Data below:
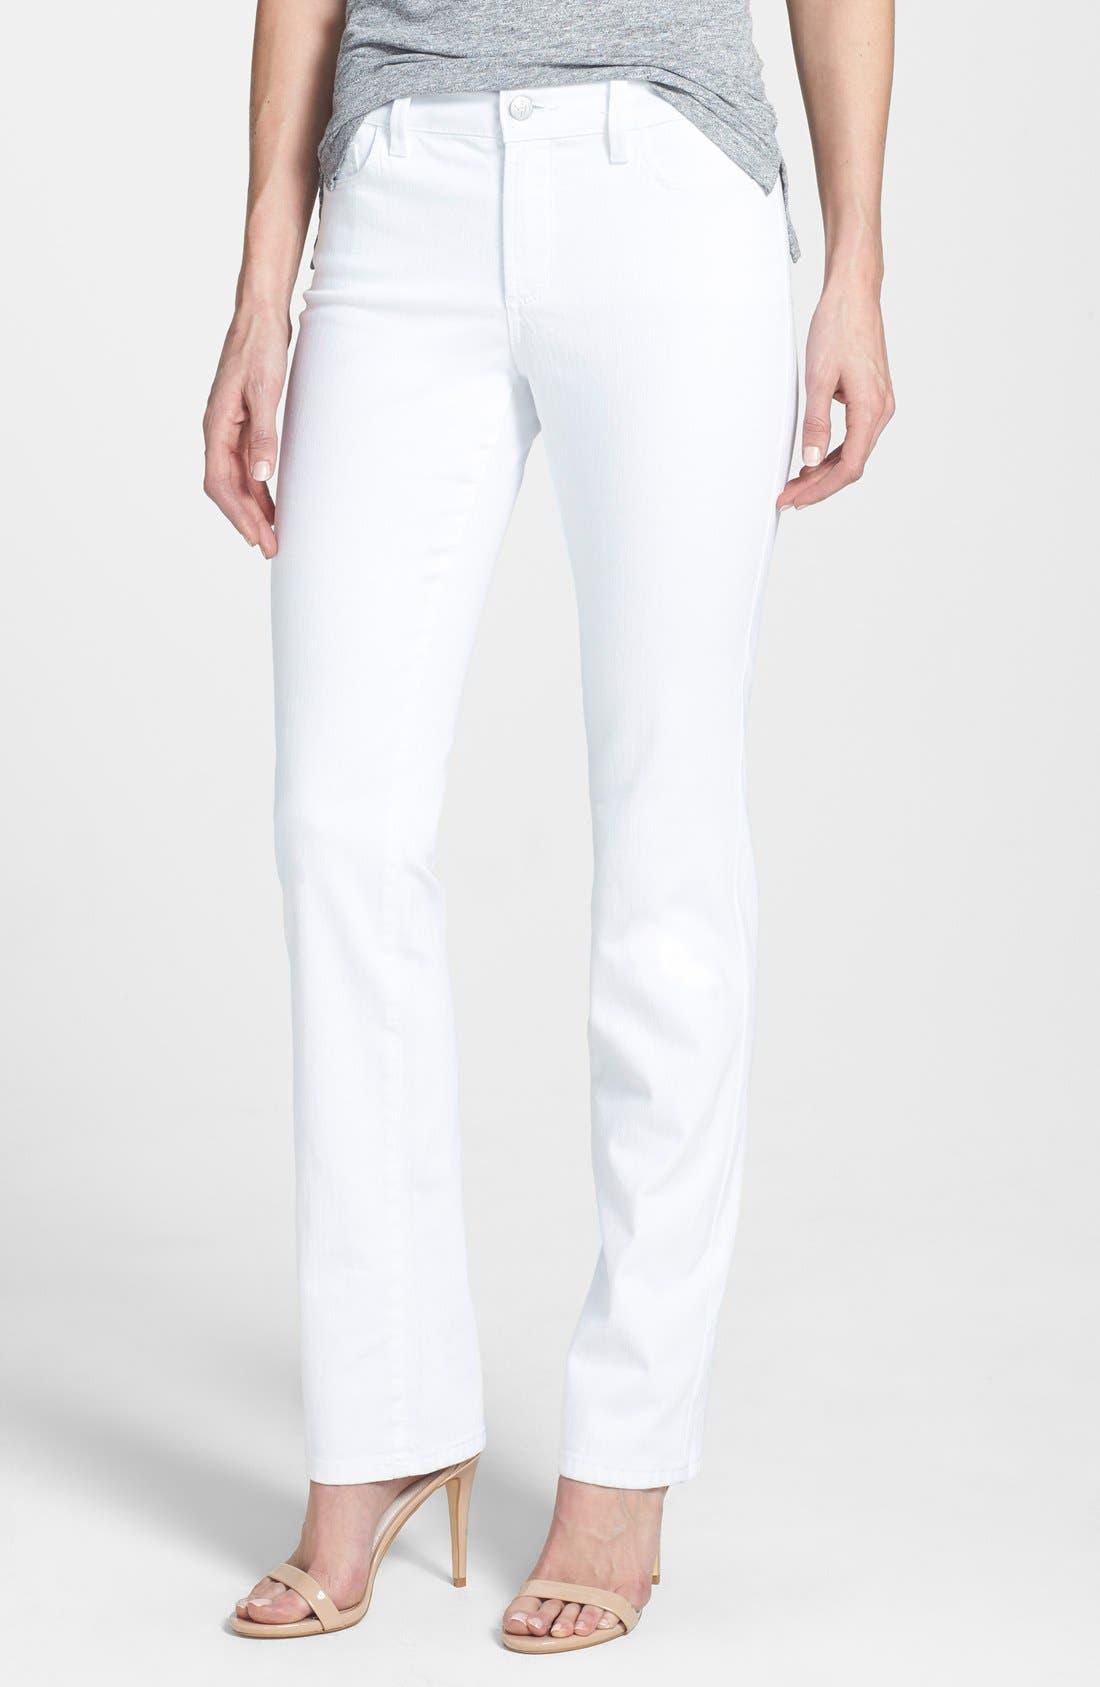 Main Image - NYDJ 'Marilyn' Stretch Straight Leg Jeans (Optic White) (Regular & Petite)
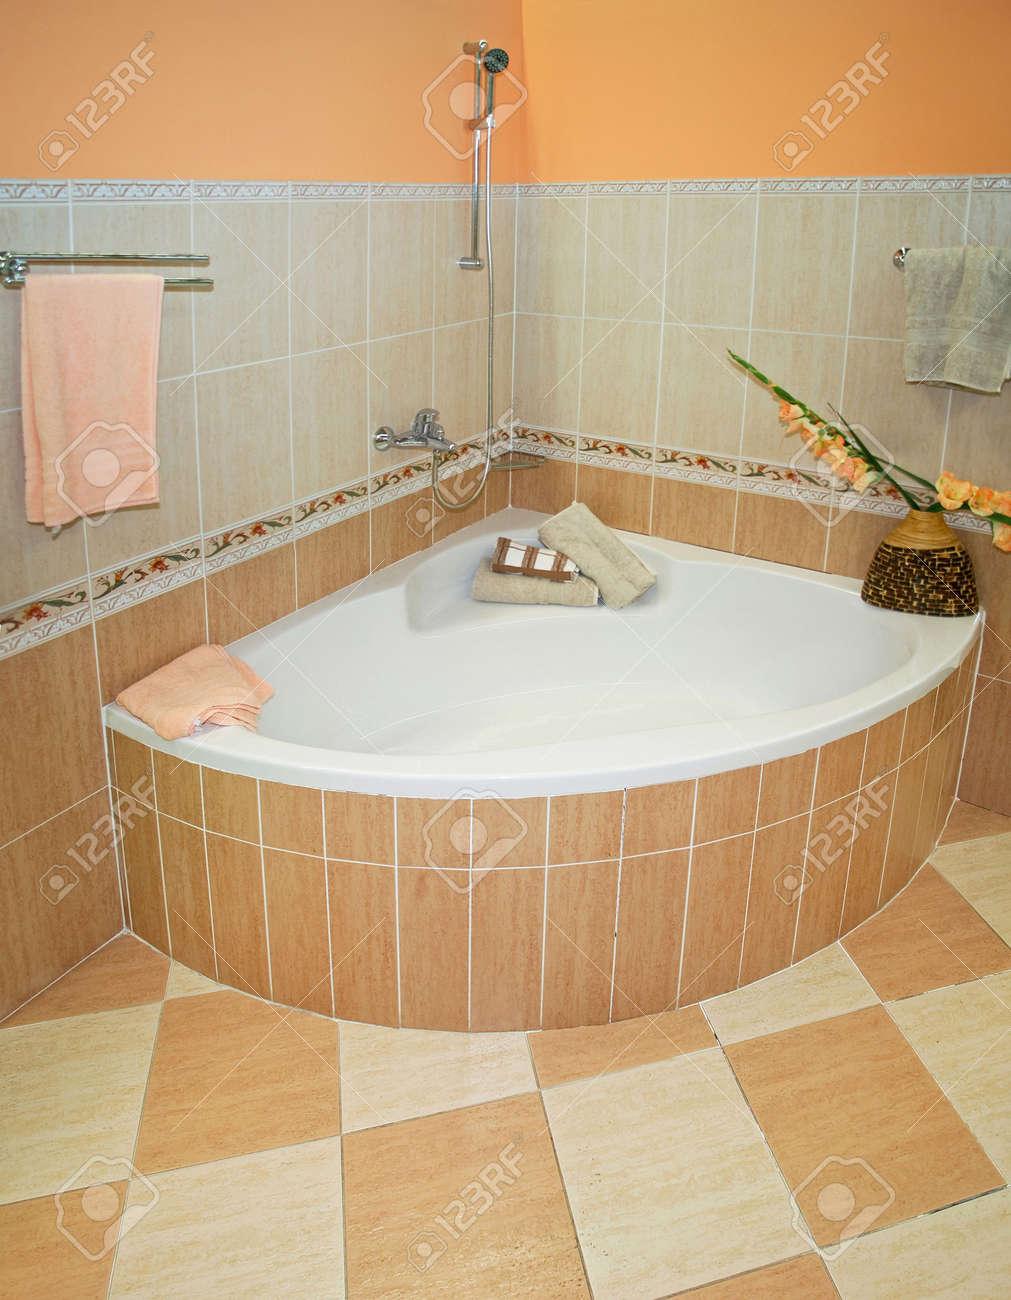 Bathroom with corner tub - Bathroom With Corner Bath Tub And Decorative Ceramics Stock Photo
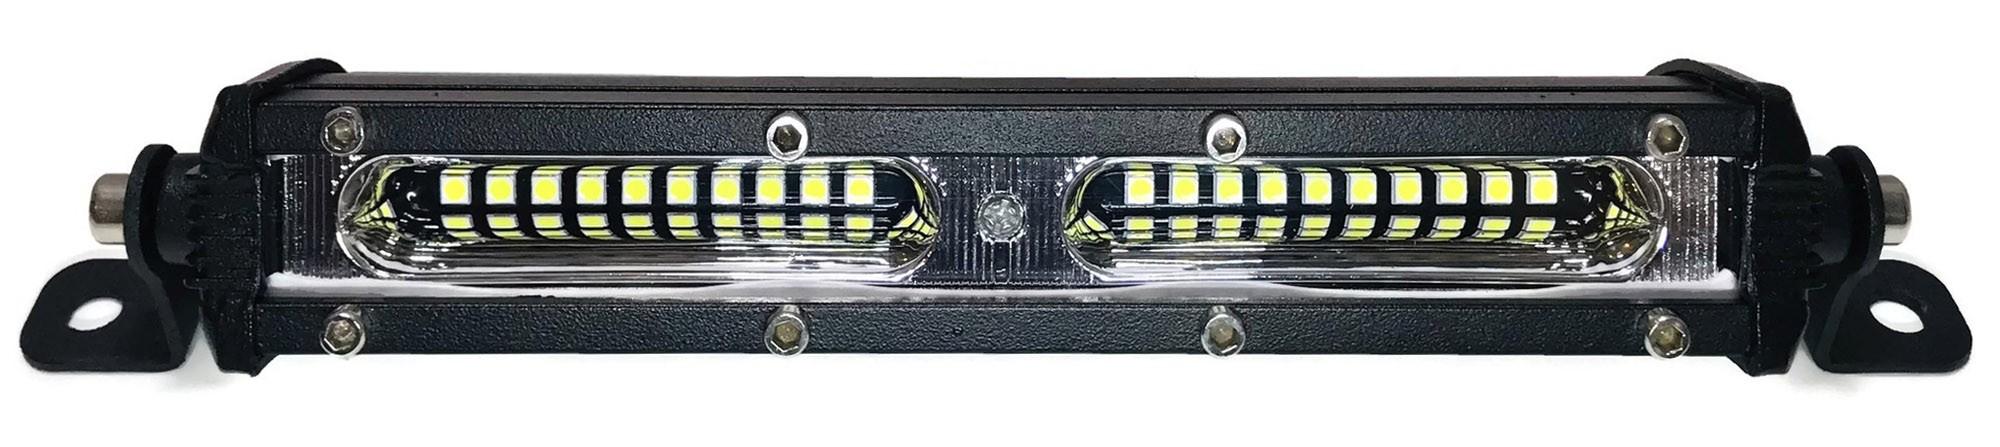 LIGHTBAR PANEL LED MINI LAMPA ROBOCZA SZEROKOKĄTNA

What is expected: A faithful copy of all the lines above is needed, with the pictures omitted.

Response box:
 Main Image - NYDJ 'Marilyn' Stretch Straight Leg Jeans (Optic White) (Regular & Petite)
 Bathroom with corner tub - Bathroom With Corner Bath Tub And Decorative Ceramics Stock Photo
 LIGHTBAR PANEL LED MINI LAMPA ROBOCZA SZEROKOKĄTNA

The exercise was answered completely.